Accountability of Nursing Professionals

Accountability of Nursing Professionals

Any names of patients referred to in this assignment have been changed to protect their confidentiality. The NMC states as a registered nurse you must guard against breaches of confidentiality by protecting information from improper disclosure at all times. The placement referred to in this assignment is an Elderly Mentally Infirm (EMI) home, which is located on Merseyside.

Many people talk about the accountability of health care organizations and health professionals. Does this mean something new, or are they referring to the regulation and accreditation that we already practice? What does the term acounntability mean to staff nurses? Does it change what we do in any way?
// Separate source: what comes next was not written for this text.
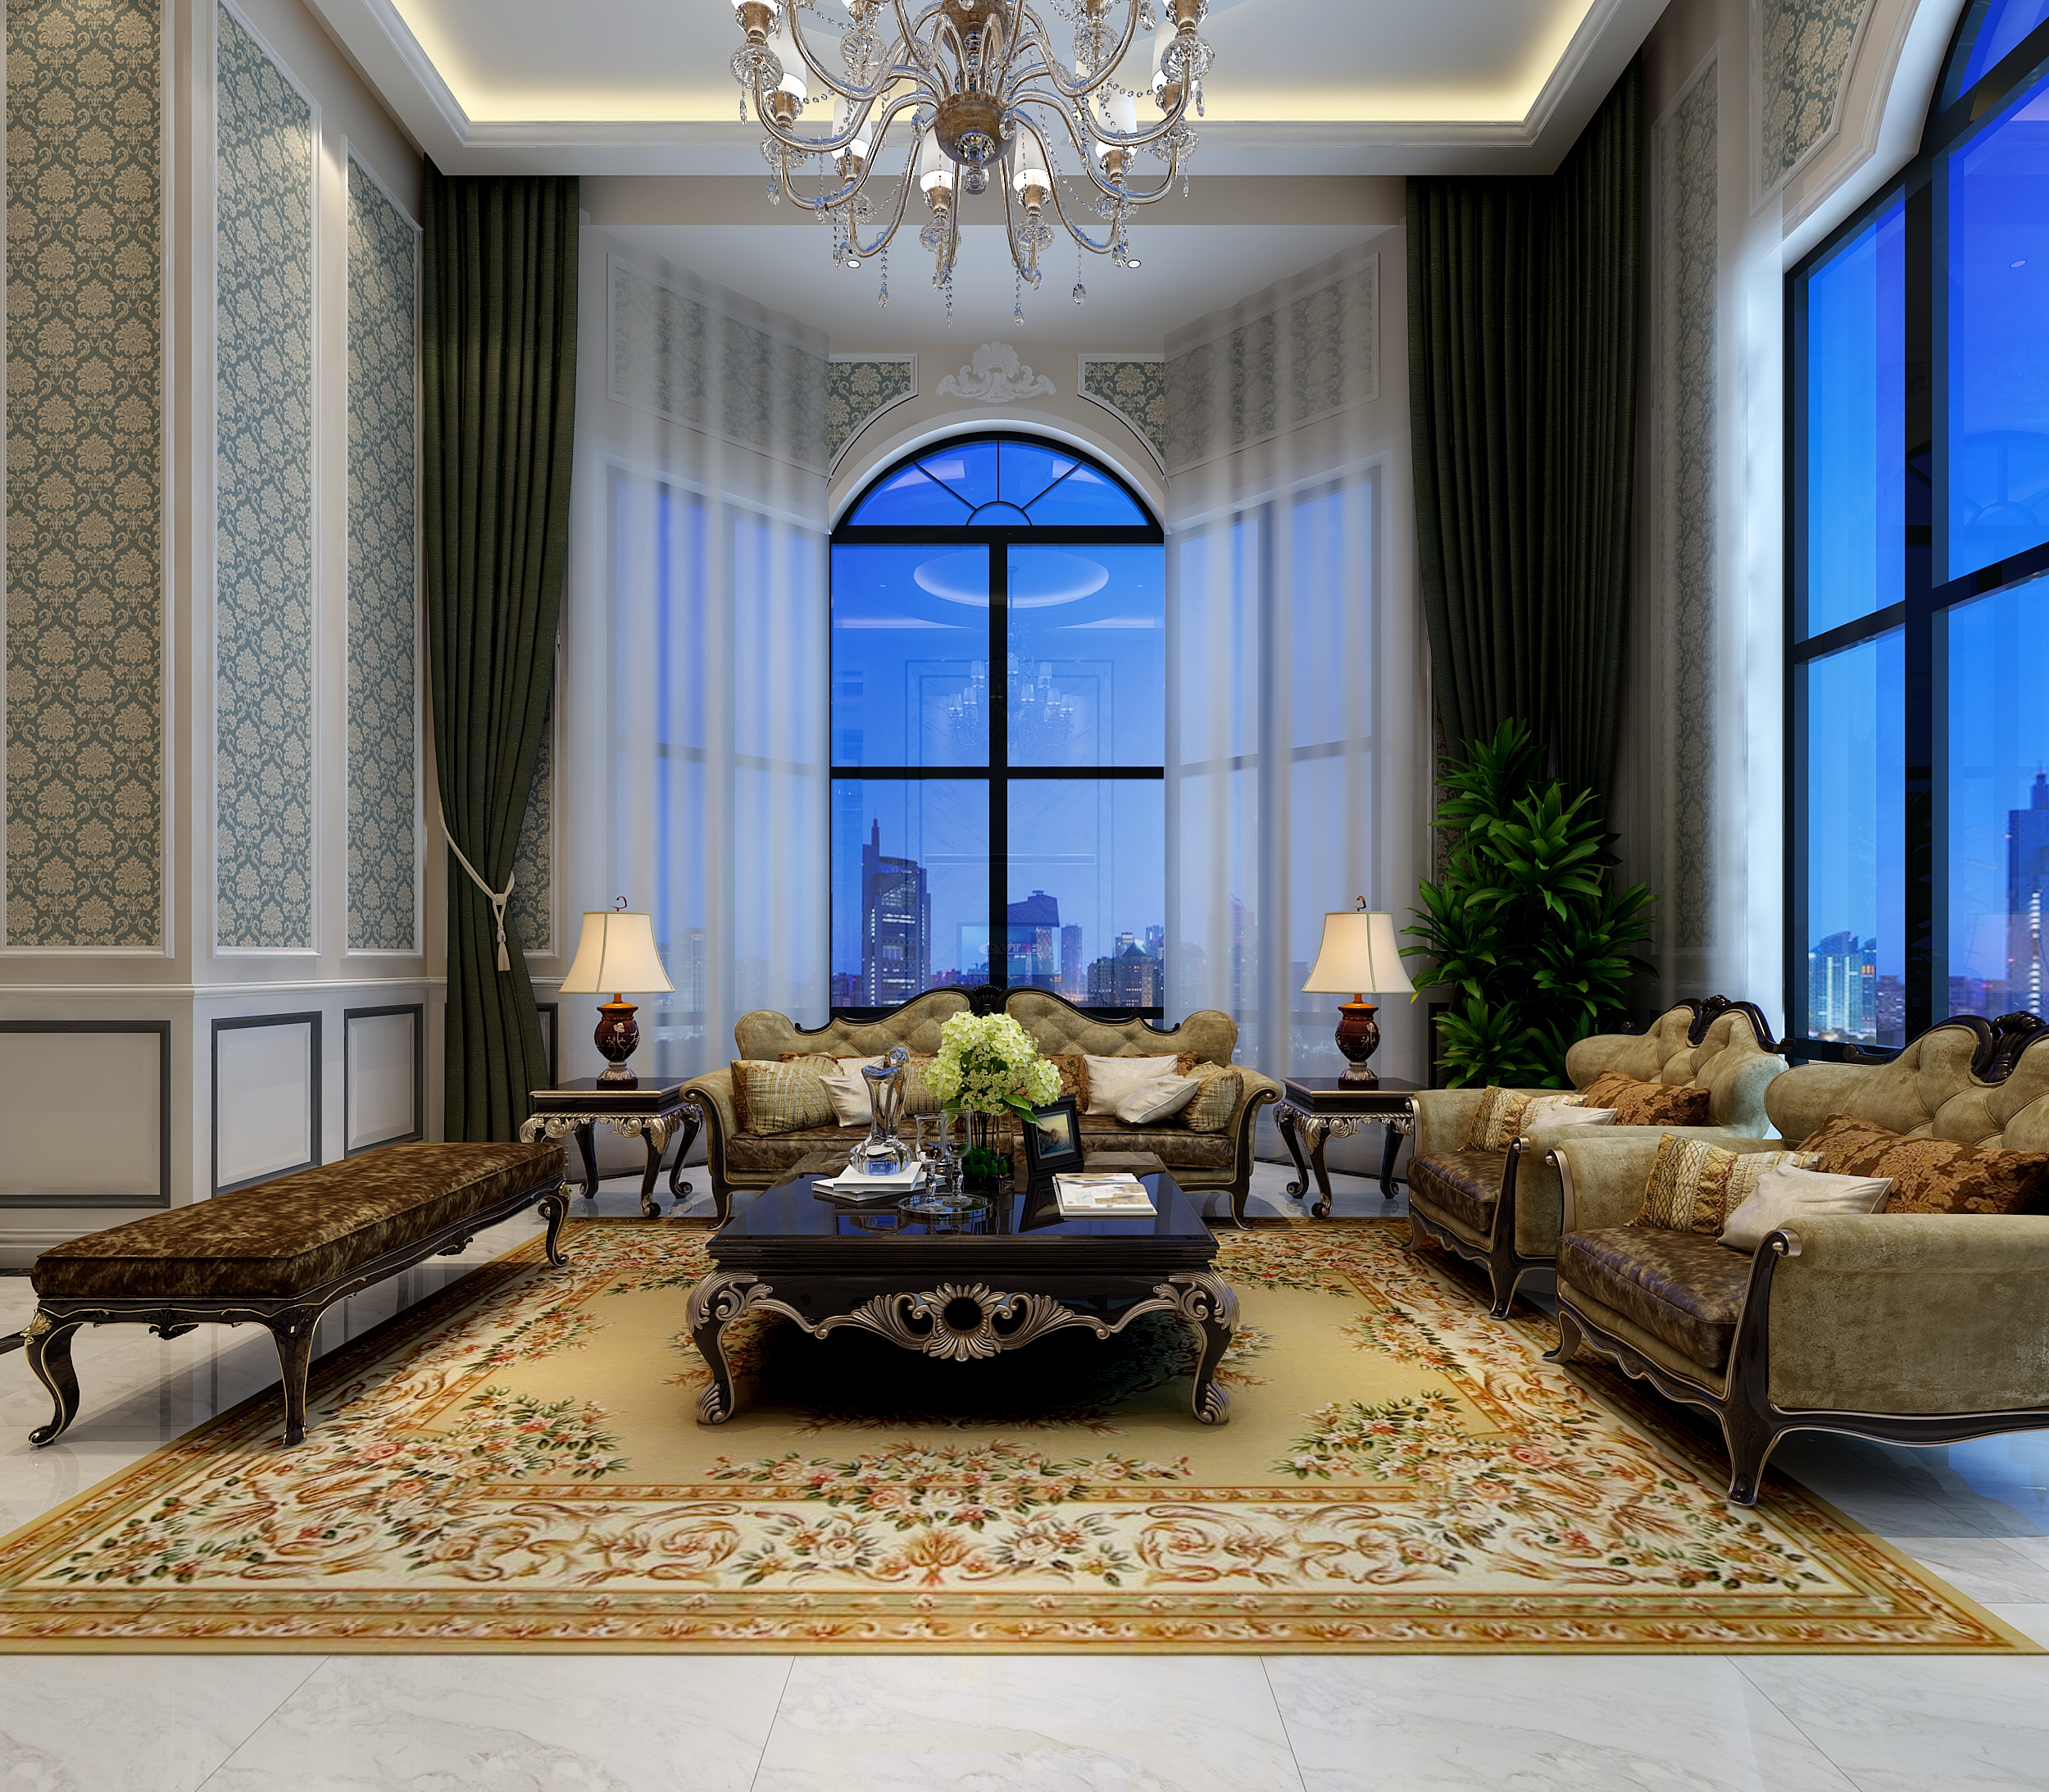 简约 欧式 混搭 别墅 旧房改造 客厅图片来自北京居然元洲装饰在创新的设计思想及其尊贵的姿容的分享

Diane L. Huber, RN, CNAA, PhD, FAAN, Associate Professor, University of Iowa College of Nursing, Iowa City, Iowa, replies: Accountability is as old as Florence Nightingale's analysis of mortality statistics in the Crimean War and as new as evidencebased practice and outcomesmanagement movements. Nurses always have been accountable to their clients for the quality and character of their service and to society for safe and competent practice via licensure laws. (Martin, 2004)

The difference is in the way we think about how nurses, physicians, other service providers, and health care organizations visibly demonstrate their accountability

It's no longer enough to follow the correct process or procedure. First, caregivers must uncover, translate, and use research knowledge as the foundation for evidencebased practice to be accountable for cost-effectiveness. For example, we used to give pain medications as ordered. Now we need to use the Agency for Health Care Policy and Research guidelines' pain scale assessment as a basis for decisions about pain reduction interventions.

Second, we need to use informatics knowledge and technology to capture, process, and retrieve real-time data. This enables us to make clinical and administrative decisions quickly enough to affect outcomes for each patient.

In the past, we manually tabulated nursing data and operated on retrospective trends. Now we must have reliable, valid, and appropriate data at hand to make decisions as we provide services. (Nilsson, 2000)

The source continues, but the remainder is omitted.